Additive manufacturing has been identified as an emergent need for the Navy. The technological capability is an alternative to existing manufacturing technologies based on casting, forging, and machining. Many view it as a critical means of providing rapid prototyping, dimensional restoration, and in-service replacement of legacy components (some of which have no remaining manufacturer).
“The research that the University of Virginia is conducting is an important examination of the microstructure and mechanical properties of alloys relevant to the Navy produced by state of the art additive manufacturing techniques,” said Ricky Moore, an NSWCDD engineer and mentor to the students. “Understanding these properties is paramount as the Navy begins to design, develop, produce, and field components and systems produced with additive manufacturing to improve performance and availability of systems in the Fleet. Without it, much of the promise of additive manufacturing will be out of reach."

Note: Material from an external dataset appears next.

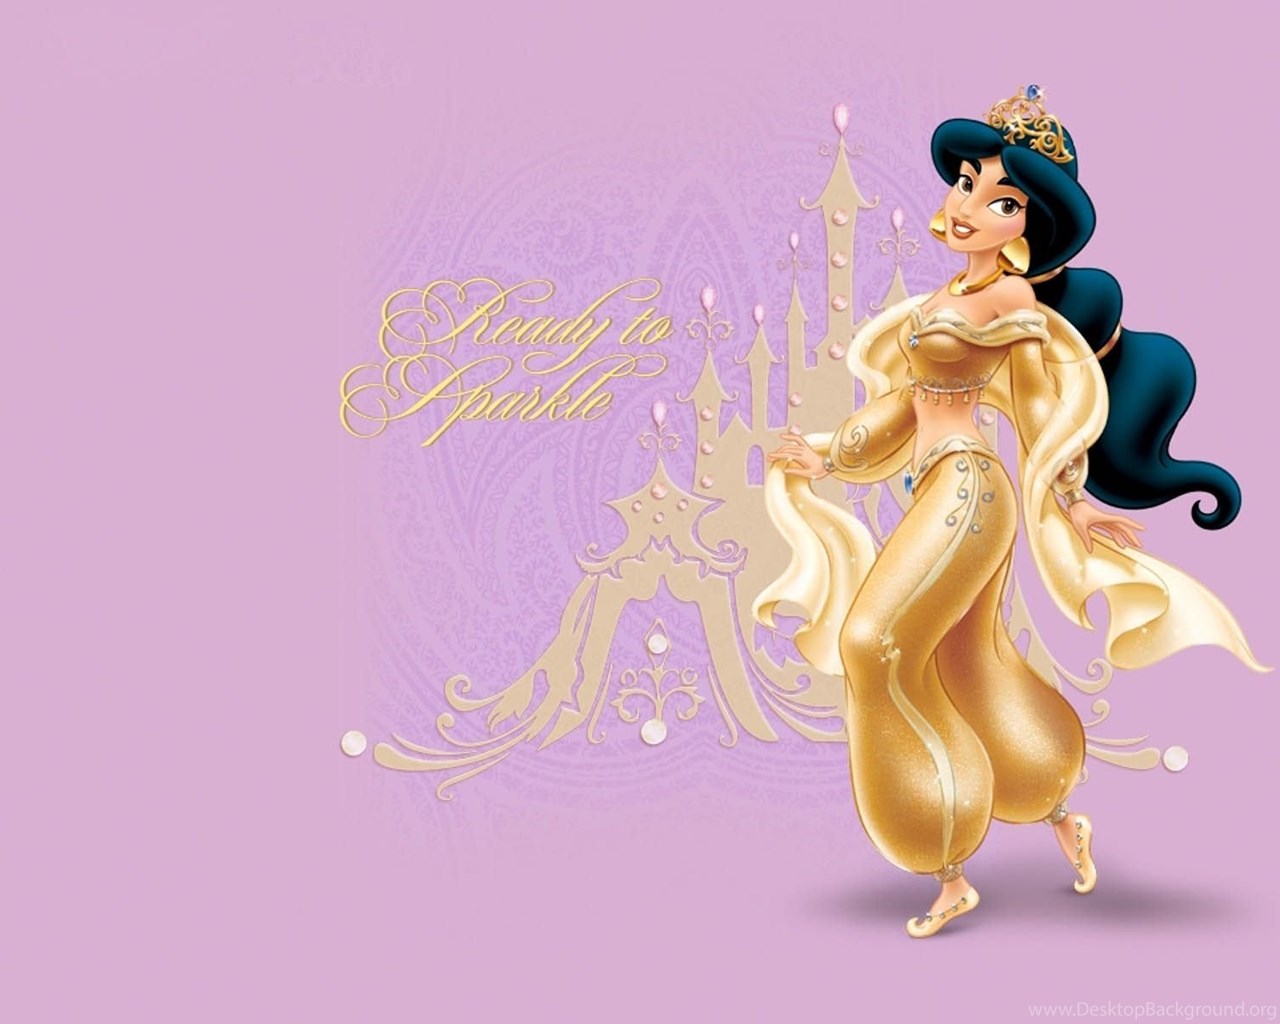 Download Wallpapers: Disney Princess Jasmine Wallpapers Popular 1280x1024 D...

The objective of the NSWCDD-University of Virginia project is to develop quantitative connections among materials process parameters, microstructure, and properties. This is a necessary step toward qualification of additively manufactured parts for use in critical load-bearing components.

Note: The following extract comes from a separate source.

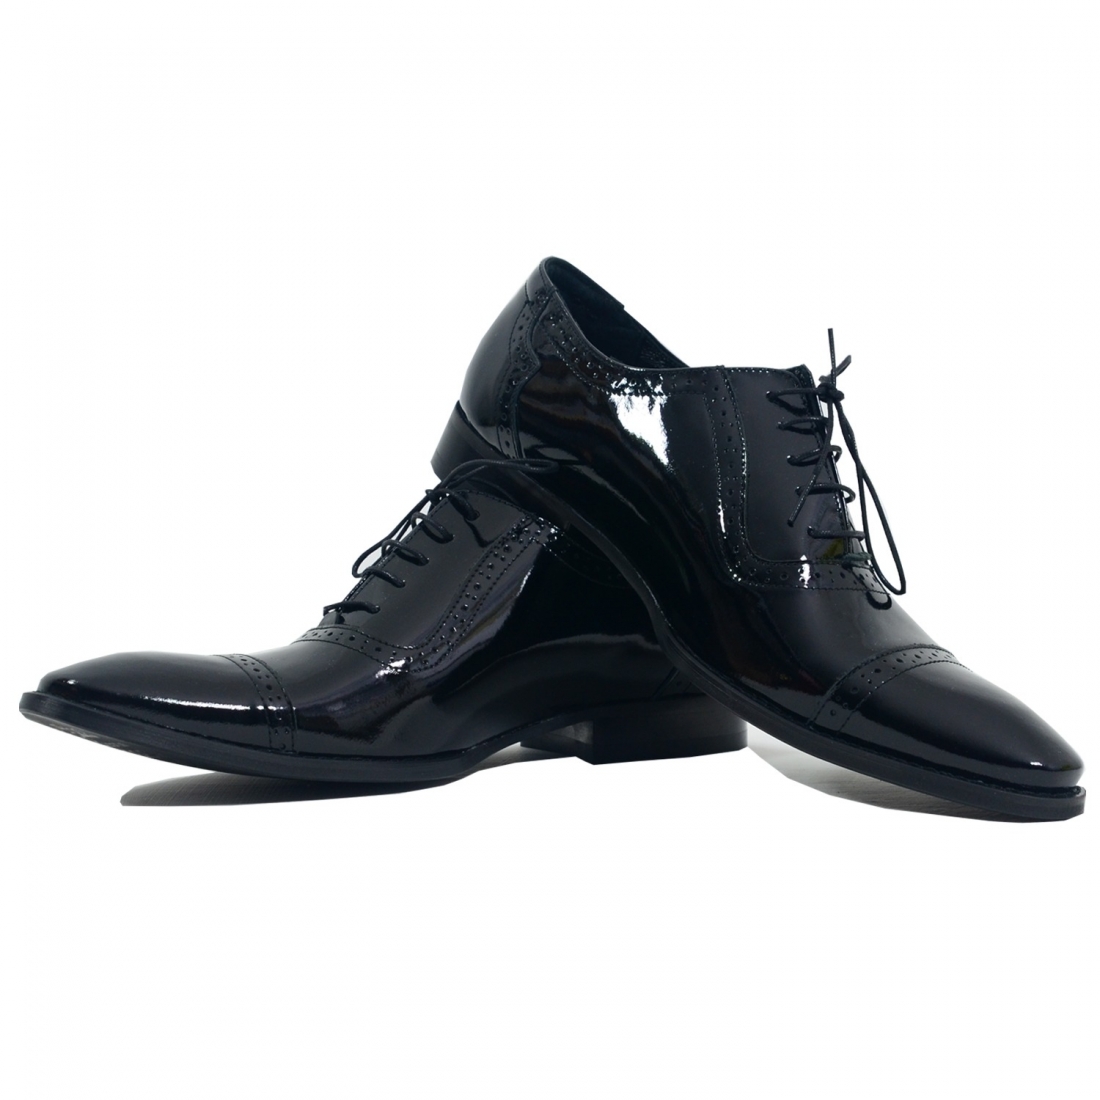 Modello Atmoe - Buty Klasyczne - Handmade Colorful Italian Leather Shoes

“The Navy provides guidance to academia, and is, in turn, the recipient of focused, relevant technical contributions to the work we accomplish in support of our warfighters,” said Newman. “The students gain perspective about the context of the research they conduct, and obtain insight into Warfare Center science and technology activities and employment opportunities. Overall, NEEC is an invaluable program and has resulted in an overwhelmingly positive experience for NSWCDD and University of Virginia participants.”
The proposed effort will utilize the extensive and state-of-the-art materials heat treatment, characterization, testing, and analysis capabilities at the University of Virginia and leverage the additive manufacturing capabilities at NSWCDD.

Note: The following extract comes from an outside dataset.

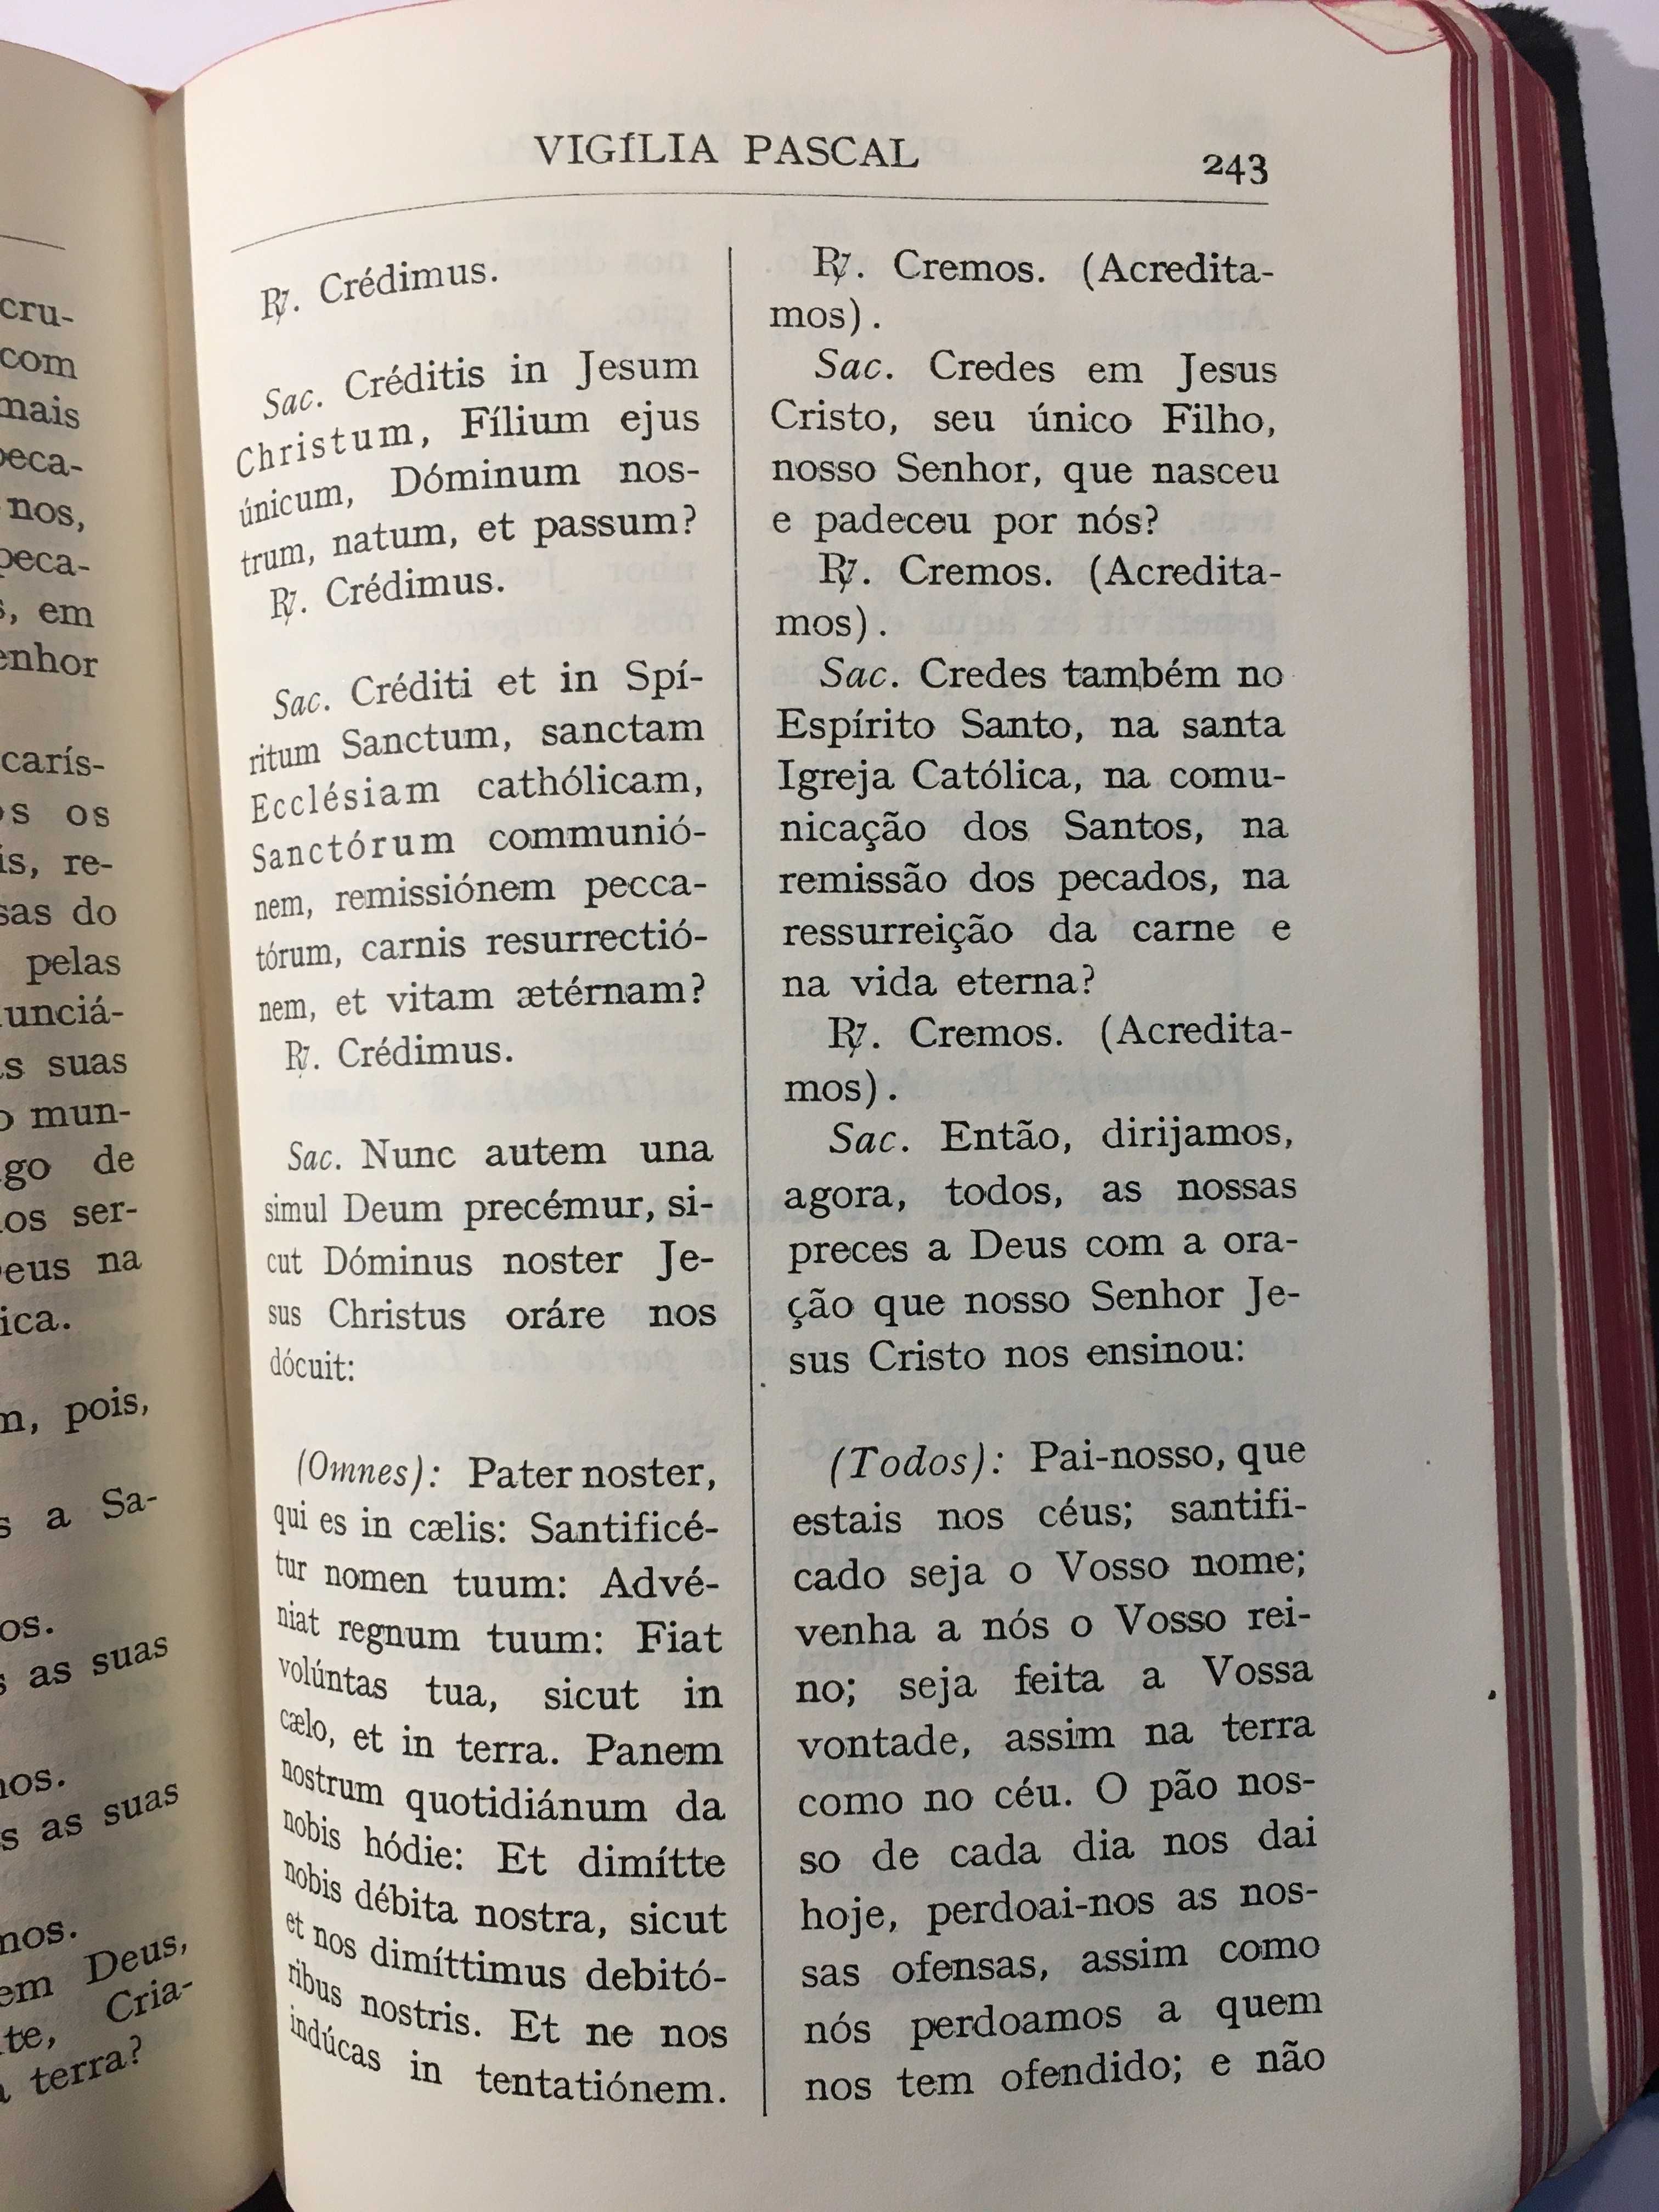 Missal Romano dos Domingos e Festas 1956 Freitas Barros

"Our collaboration has opened the door to the fascinating world of additive manufacturing of metals,” said University of Virginia professor Dr. Sean Agnew. “The results we have been able to collect in this study have confirmed that the combined mechanical properties – the strength and ductility of 3D printed 316L stainless steel – can be far superior to incumbent wrought processed material. Not only did we confirm these properties, we also were able to develop structure-property relationships to establish the origin of the enhanced strength. Surprisingly, a higher number of defects in the microstructure actually impart improved properties. The fact that the ductility remains high is still surprising and will serve as the basis for future research. We have been able to parlay this initial experience to build a broader network of collaborators that spans research institutes across the United States and Australia."